### What to do
Without the pictures, set down everything in the listing exactly.

### Data extract
....

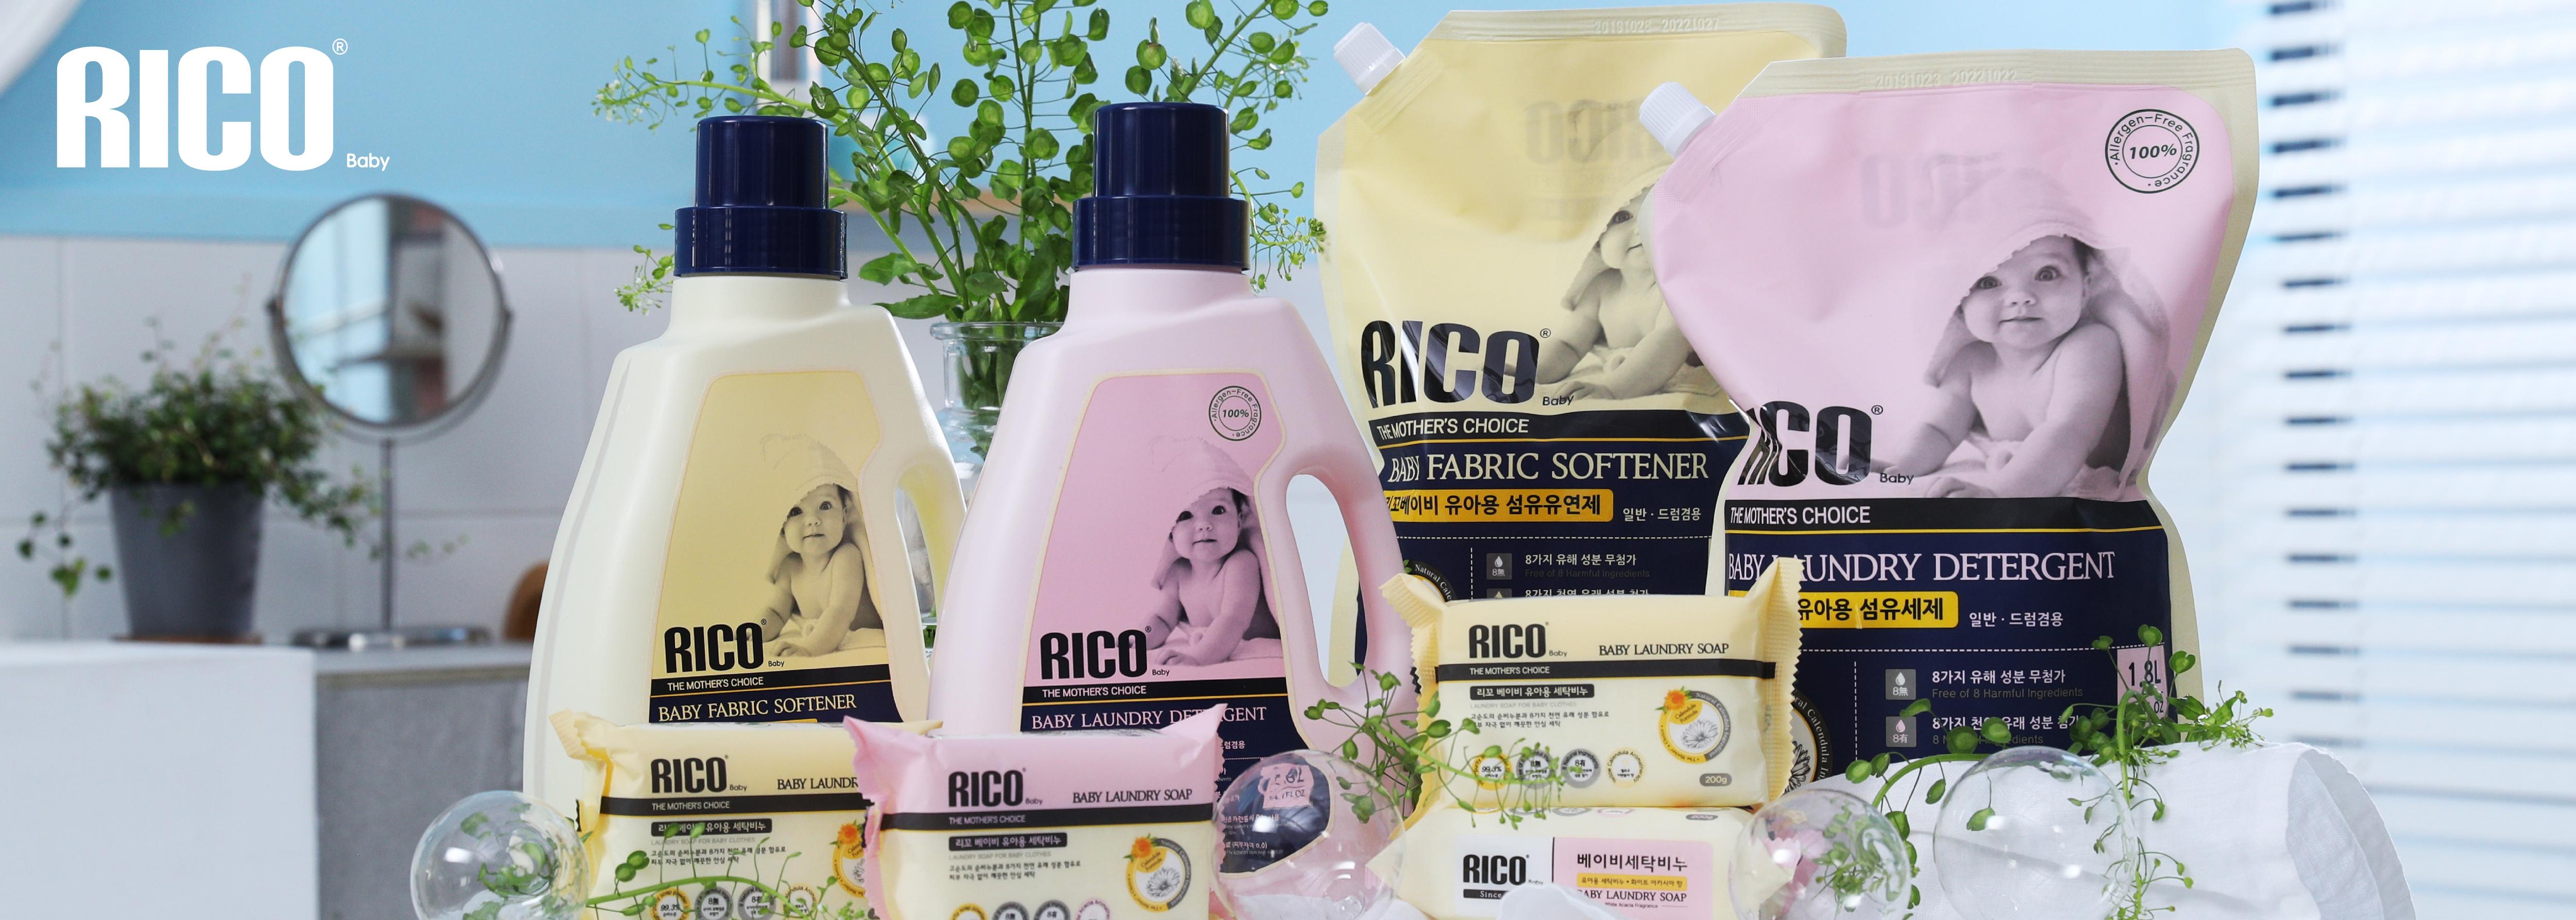 韓國RICO,嬰幼兒品牌,嬰幼兒用品,洗衣,濕紙巾,抗菌,消毒
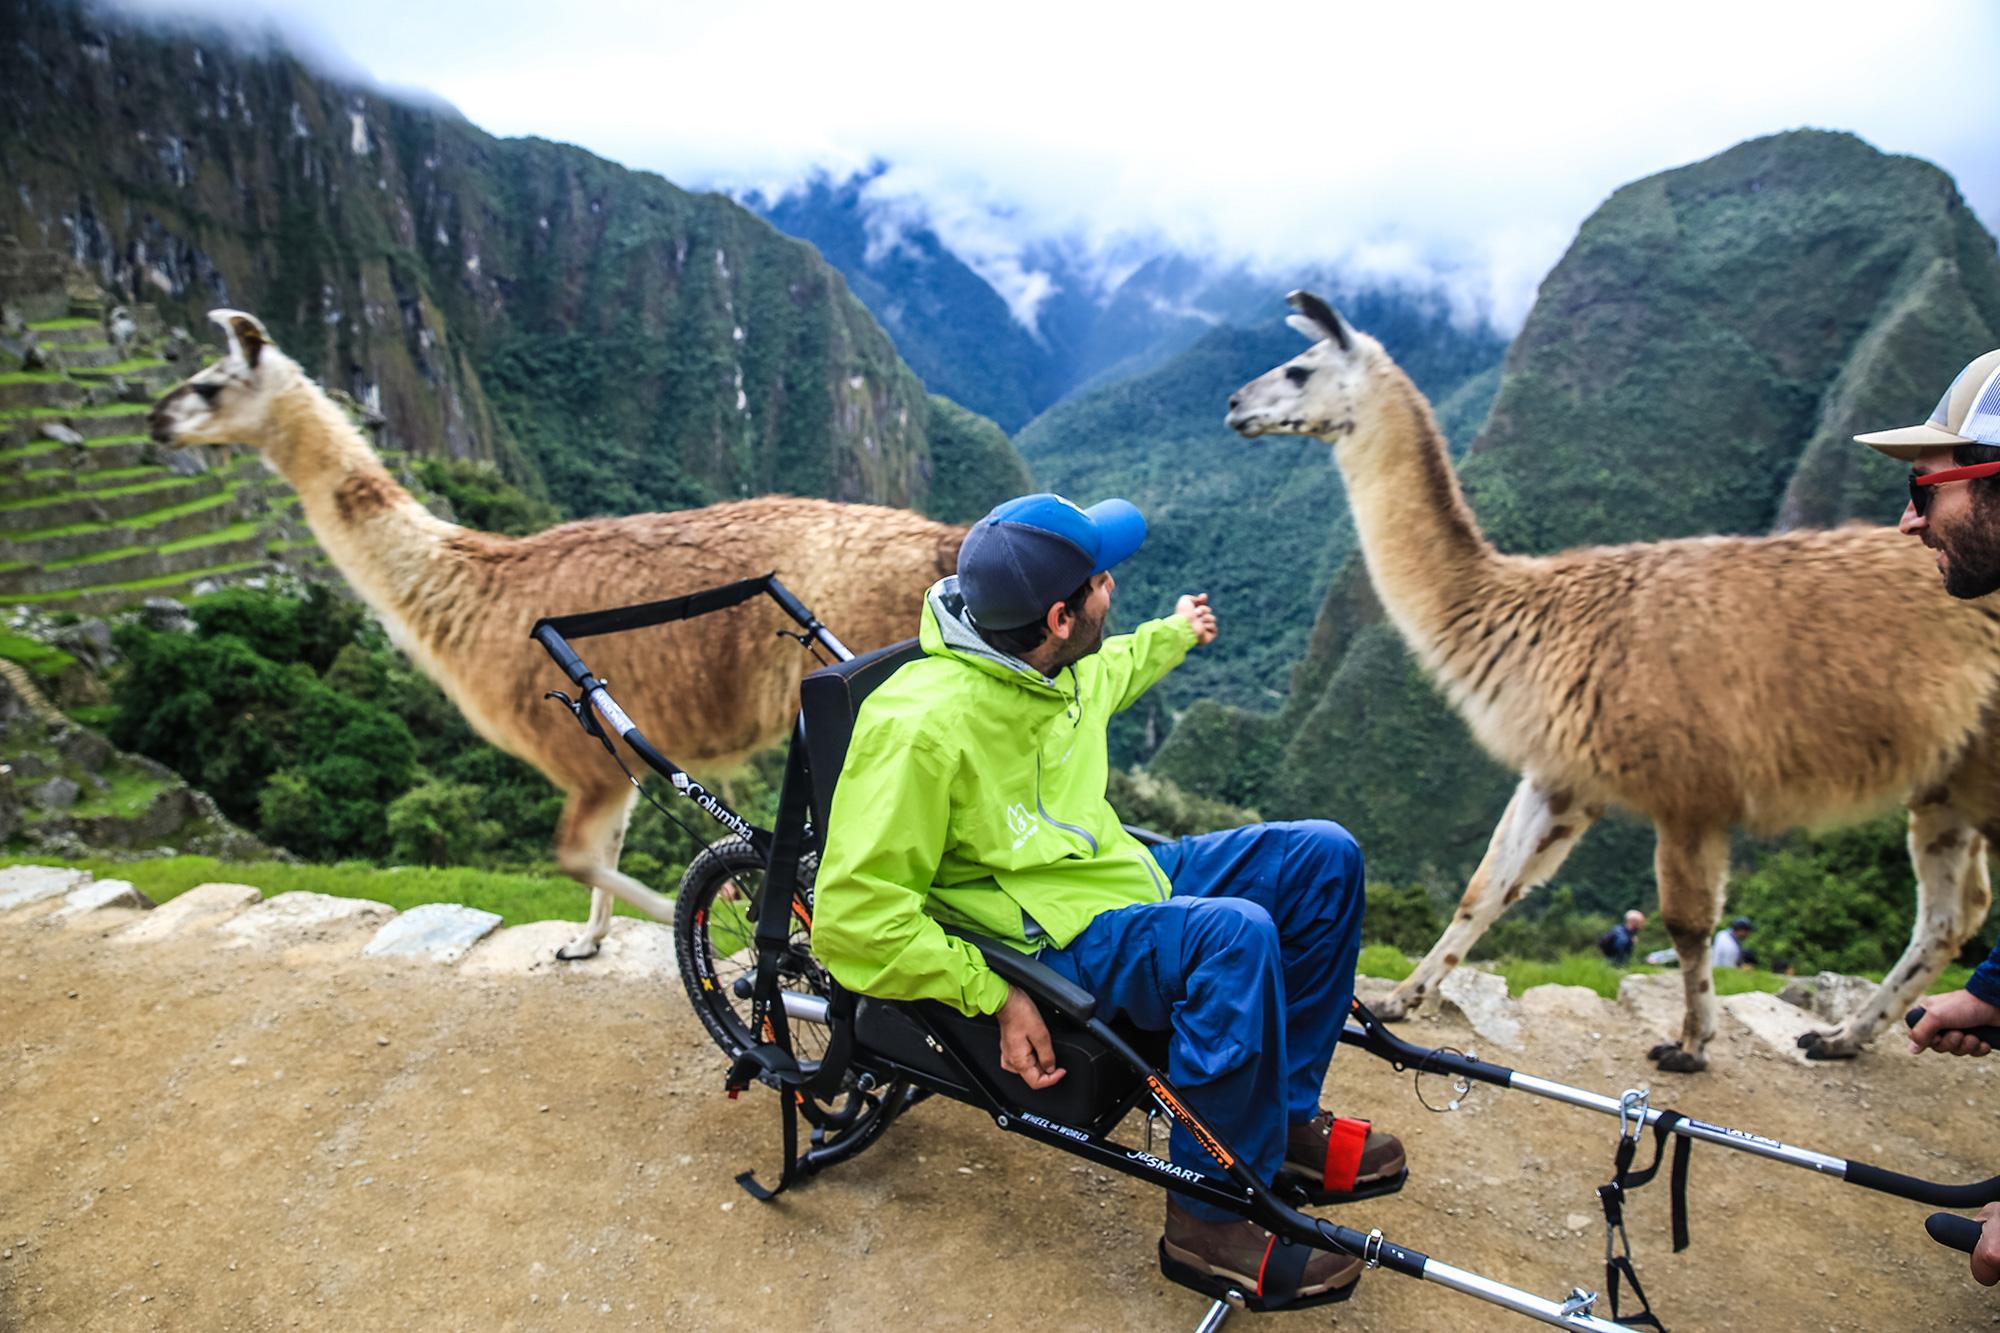 Cadeirante com lhamas em Machu Picchu, Cusco, Peru
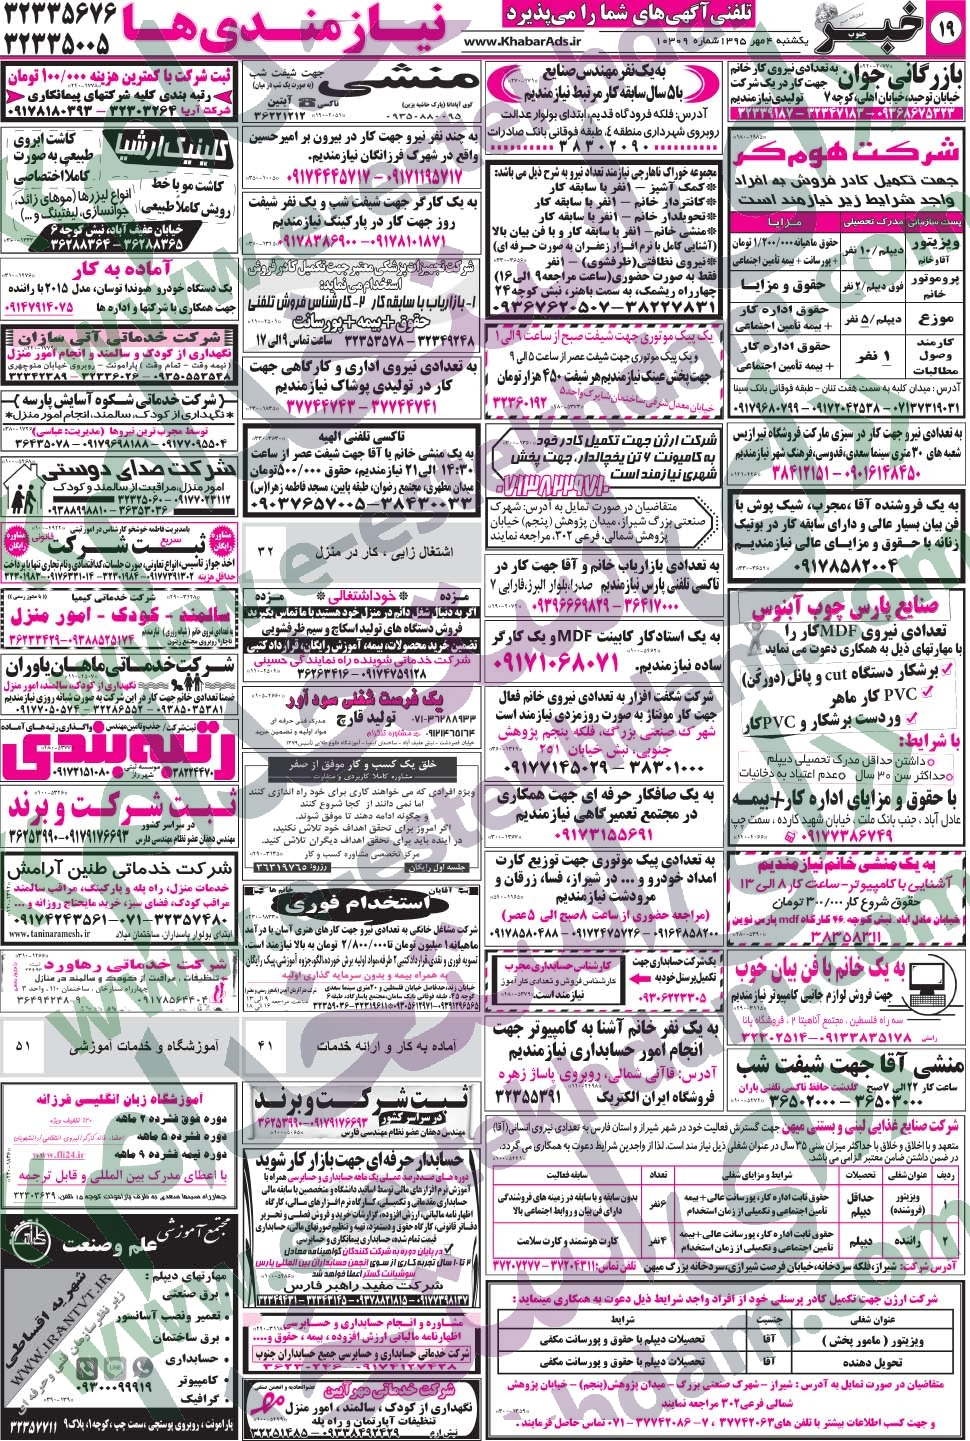 استخدام بازاریاب جهت کار در شهر شیراز استخدام حسابدار جهت کار در بازرگانی رزمی در شیراز

....

### Answer for the task
 韓國RICO,嬰幼兒品牌,嬰幼兒用品,洗衣,濕紙巾,抗菌,消毒
 Cadeirante com lhamas em Machu Picchu, Cusco, Peru
 استخدام بازاریاب جهت کار در شهر شیراز استخدام حسابدار جهت کار در بازرگانی رزمی در شیراز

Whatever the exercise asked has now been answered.